Dataset extract Block Start

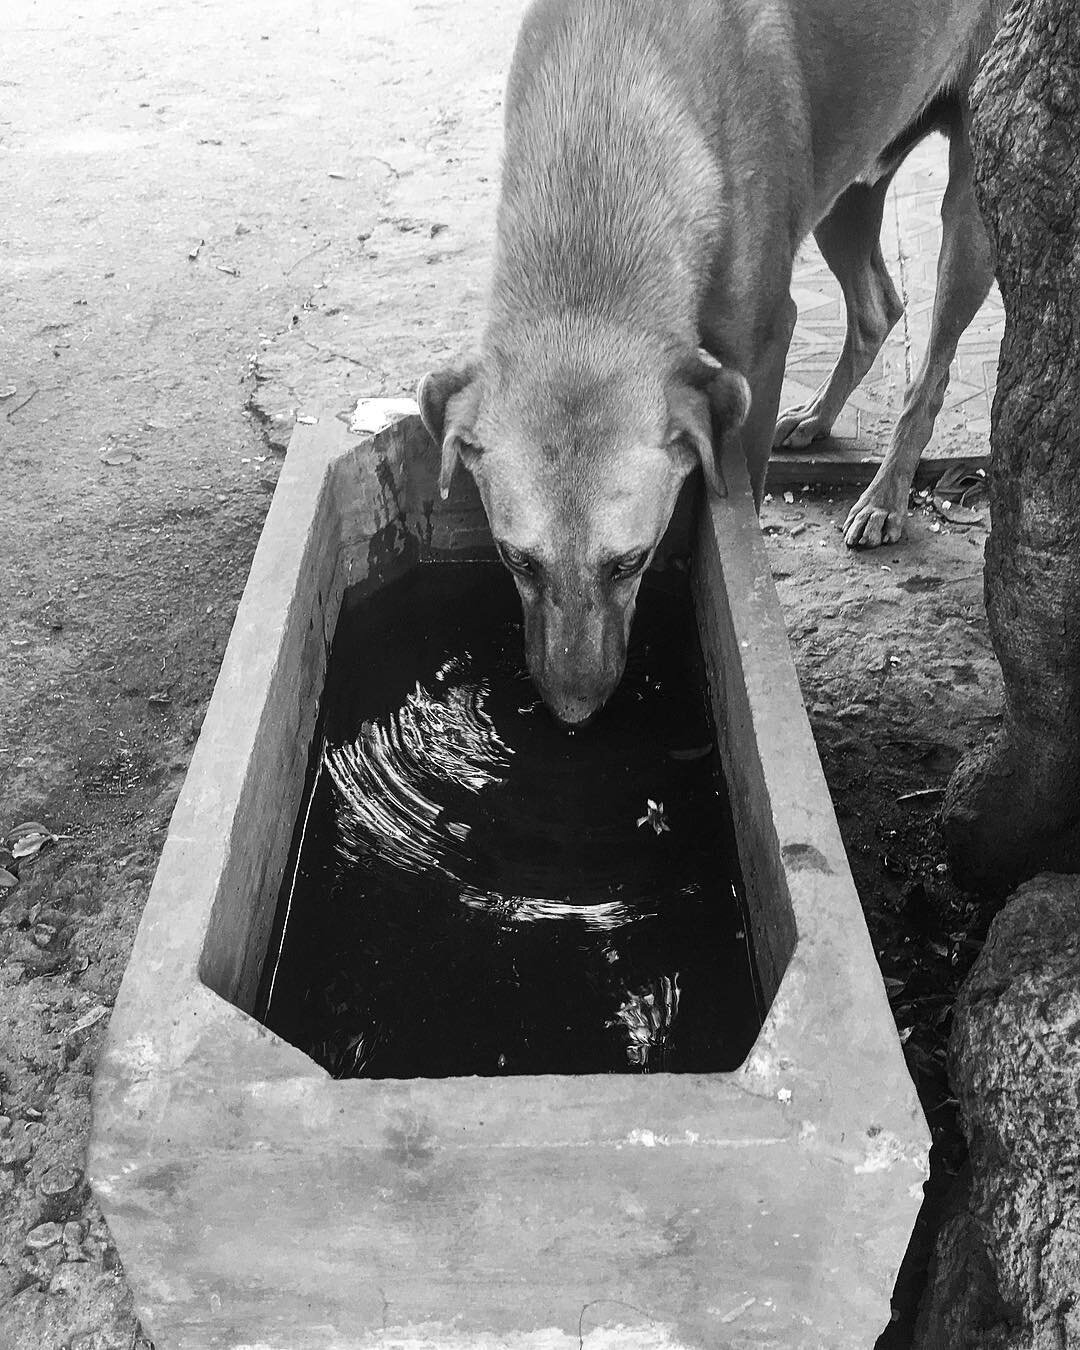 Thirsty dog .
.
.
.
.

#india #animal #bnw #blackandwhite #heat #summer #street #animals #contrast #iphoneonly #iphoneasia #iphone6splus #snapseed #picoftheday #photooftheday #cool

Dataset extract Block End

## What to produce
Print out every record above exactly as given. Do not include the pictures.

## Response to the task
 Thirsty dog .
.
.
.
.

#india #animal #bnw #blackandwhite #heat #summer #street #animals #contrast #iphoneonly #iphoneasia #iphone6splus #snapseed #picoftheday #photooftheday #cool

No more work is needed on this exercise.